In Dilijan we enjoyed the cool forest air and stayed in a friendly guesthouse with delicious food and where Ioan’s bike mending skills were called upon. Grandad christened him the ‘Master’ and his grandson seemed happy enough with the job done (although probably slightly miffed that we left him to mend his own puncture, but you got to learn sometime kid!)
At Lake Sevan we finally got to swim in crystal clear water, this has been a constant thirst of mine during this journey. The rivers we have encountered have either been filthy or raging torrents.

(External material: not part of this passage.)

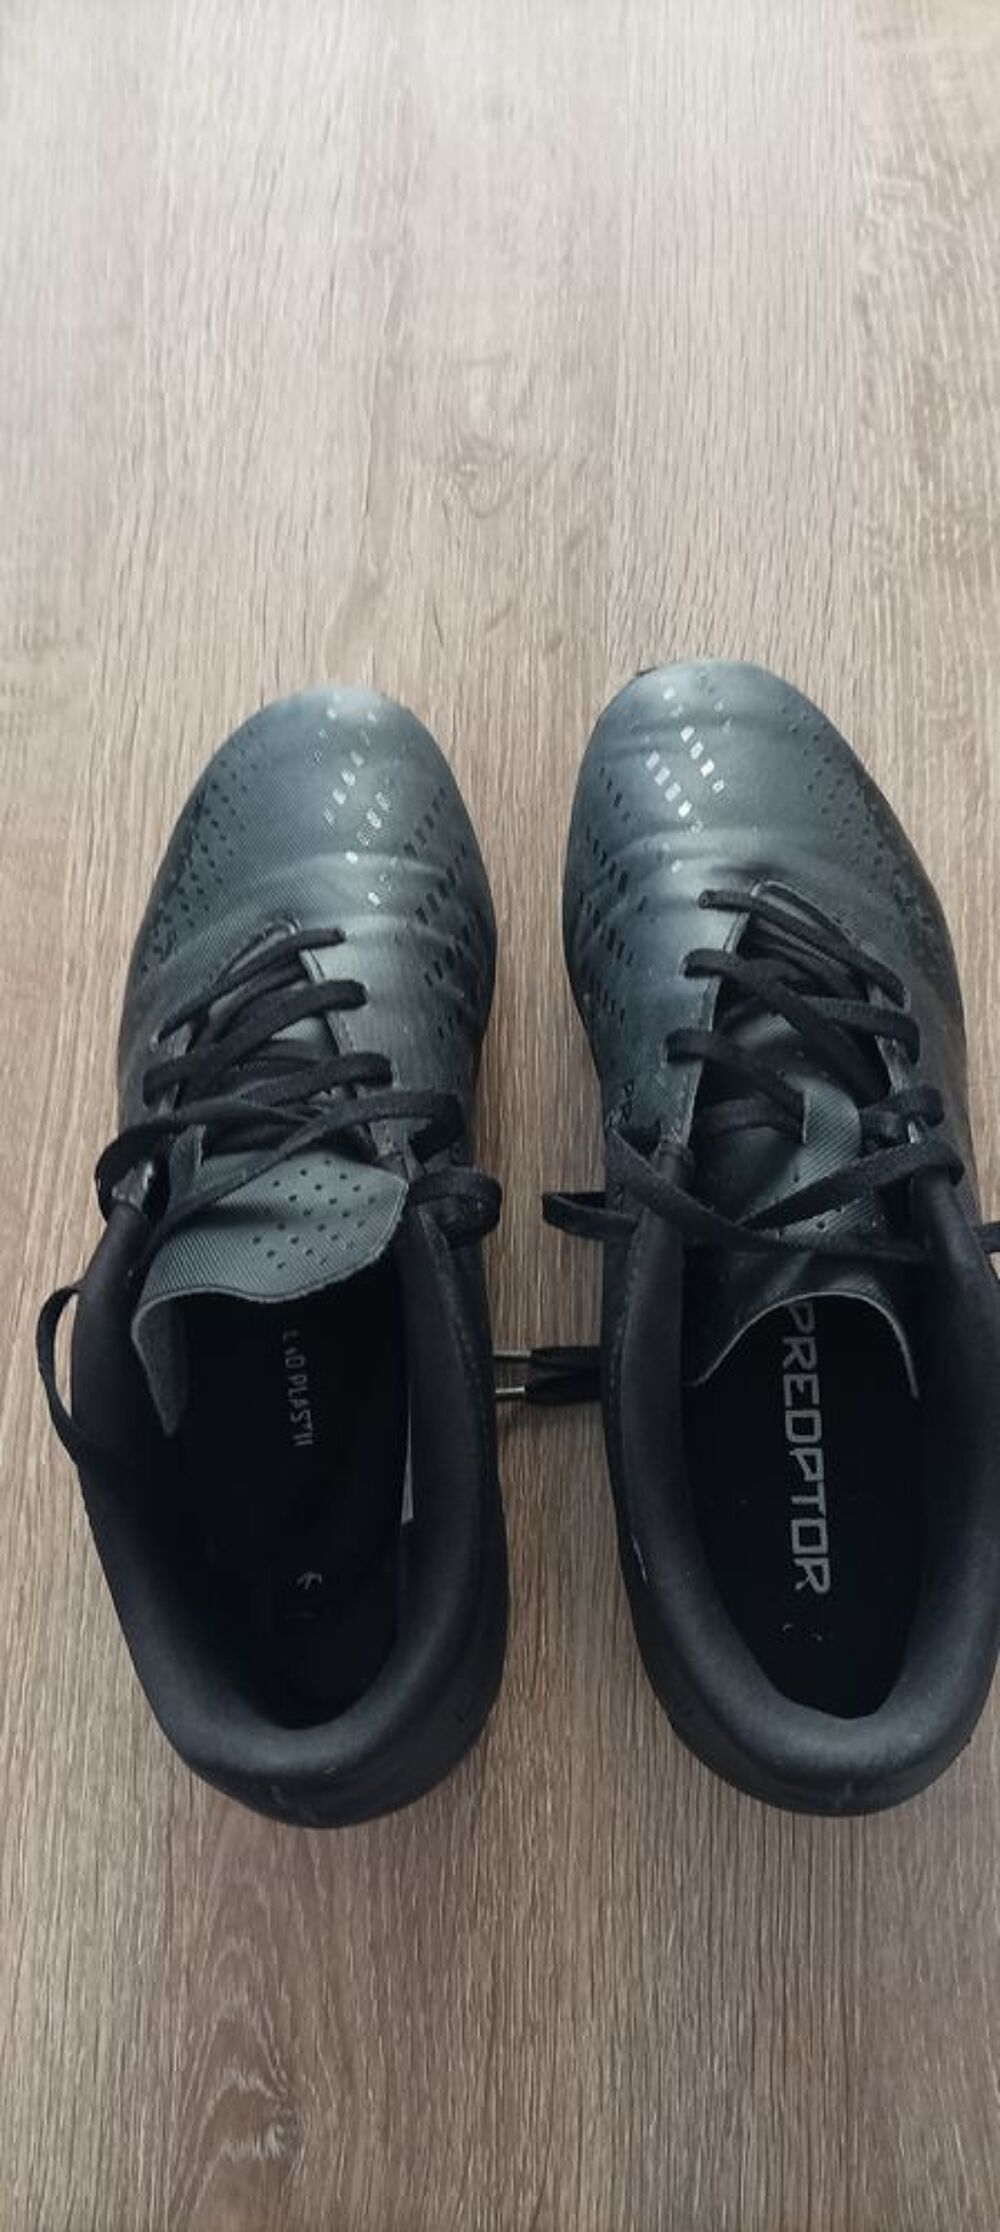 Chaussures de football marque Adidas taille 40 Chaussures

Our refreshing dip was followed by a warming shot of world-renowned Armenian Cognac offered to us by a couple of barrel bellied bathers. That night we camped beneath the iconic Armenian Writer’s Union guesthouse, which has now rather unsanctamoniously been reclaimed as a nightclub (we didn’t know this when we set up camp, so another sleepless night!) Now I don’t think for a second that the Union didn’t see it’s fare share of hedonism during the heydays, I just think the revellers probably had a more refined taste in both music and stimulant.

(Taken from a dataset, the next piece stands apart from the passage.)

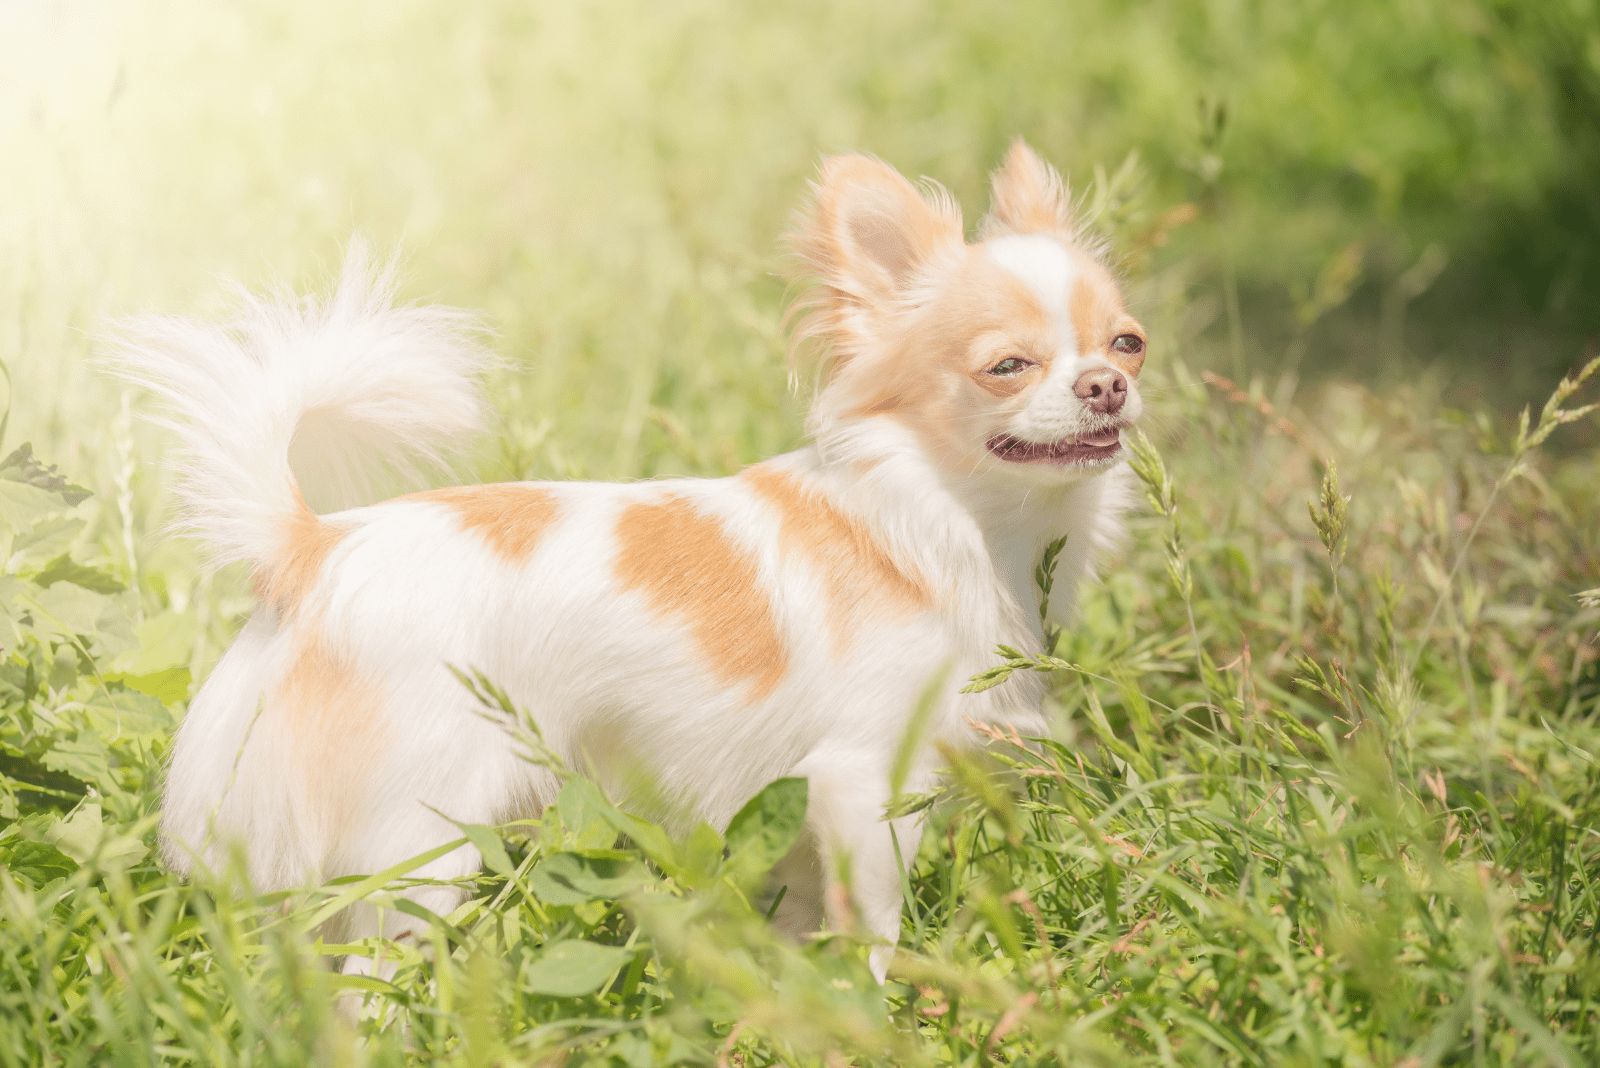 the long-haired chihuahua dog is white with red spots

Leaving the busy main road between Sevan and Yerevan we found a recently harvested field, where we could finally have a restful night under the stars. One of the pleasures of this journey has been watching, feeling and tasting the season change from spring to late summer. We cooked our dinner tired but happy, watching the distant plumes of smoke from the burning fields of stubble hang in the air as the sun sank behind Mt. Aragats. We’ve finally found our rhythm.

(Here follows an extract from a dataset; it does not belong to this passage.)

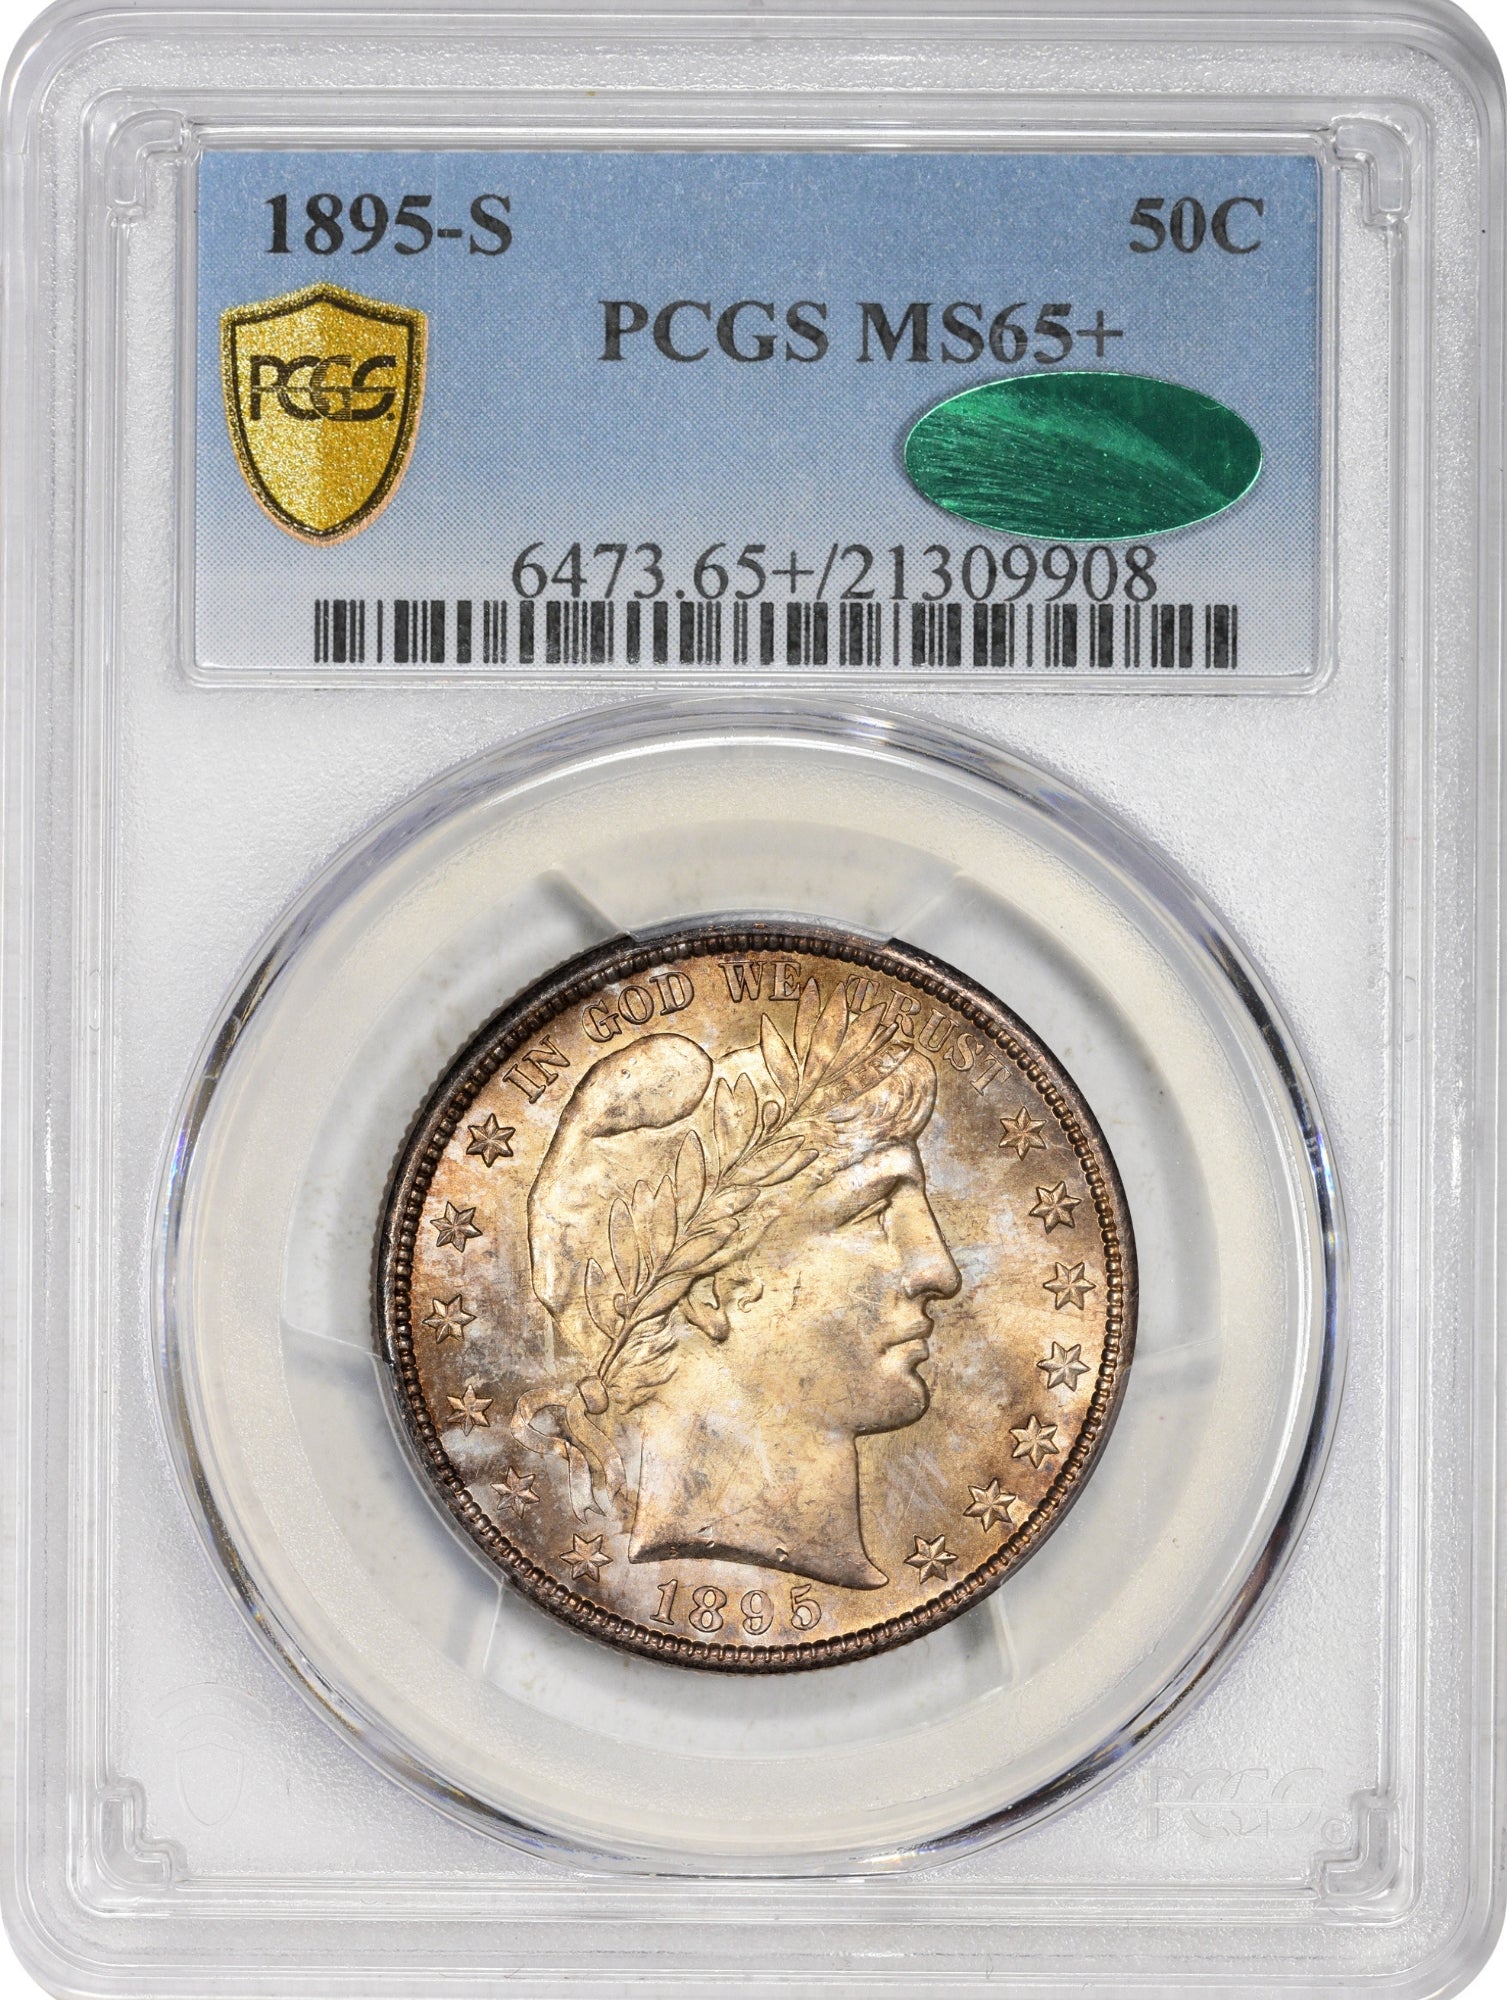 1895-S 50C MS65+ PCGS CAC - Paradime Coins | PCGS NGC CACG CAC Rare US Numismatic Coins For Sale

We dropped into Yerevan past deserted Soviet factories and hillsides where the city’s rubbish tips smoldered. Tbilisi and Yerevan are the only cities I’ve been in for a while where I’ve seen no recycling facilities. In Yerevan in particular, the stark contrast between the show of wealth (real, borrowed or make believe, it matters not) and the fixation on personal appearance, sitting alongside an apparent blind-spot when it came to the environment, left me underwhelmed. Strong perfumes, high heels and thick make up were the overwhelming impression, but there were pockets of resistance and I think if we’d been prepared to give it more of a chance we may have been surprised by what we found. Instead our minds were focused on our next goal = India. It was a time for life administration – securing visas, booking flights, finding bike boxes, packing up and jettisoning excess weight! We also had the pleasure of popping into the Romanian embassy to pick up a package of bike bits that we’d failed to find on the road. It was a treat for Ioan to speak his mother-tongue and a reminder of just how warm, welcoming and accommodating Romanians are. Multumim baieti pentru ajutorul acordat!
So sorry Armenia that we didn’t explore you further, that we didn’t get a chance to visit your pagan sites, to climb your mountains and loose ourselves in your secret valleys, or touch your dragon stones. But one day maybe, just maybe we will return.
Stone masons at work. Yerevan is a pink city, with buildings made from pink volcanic rock.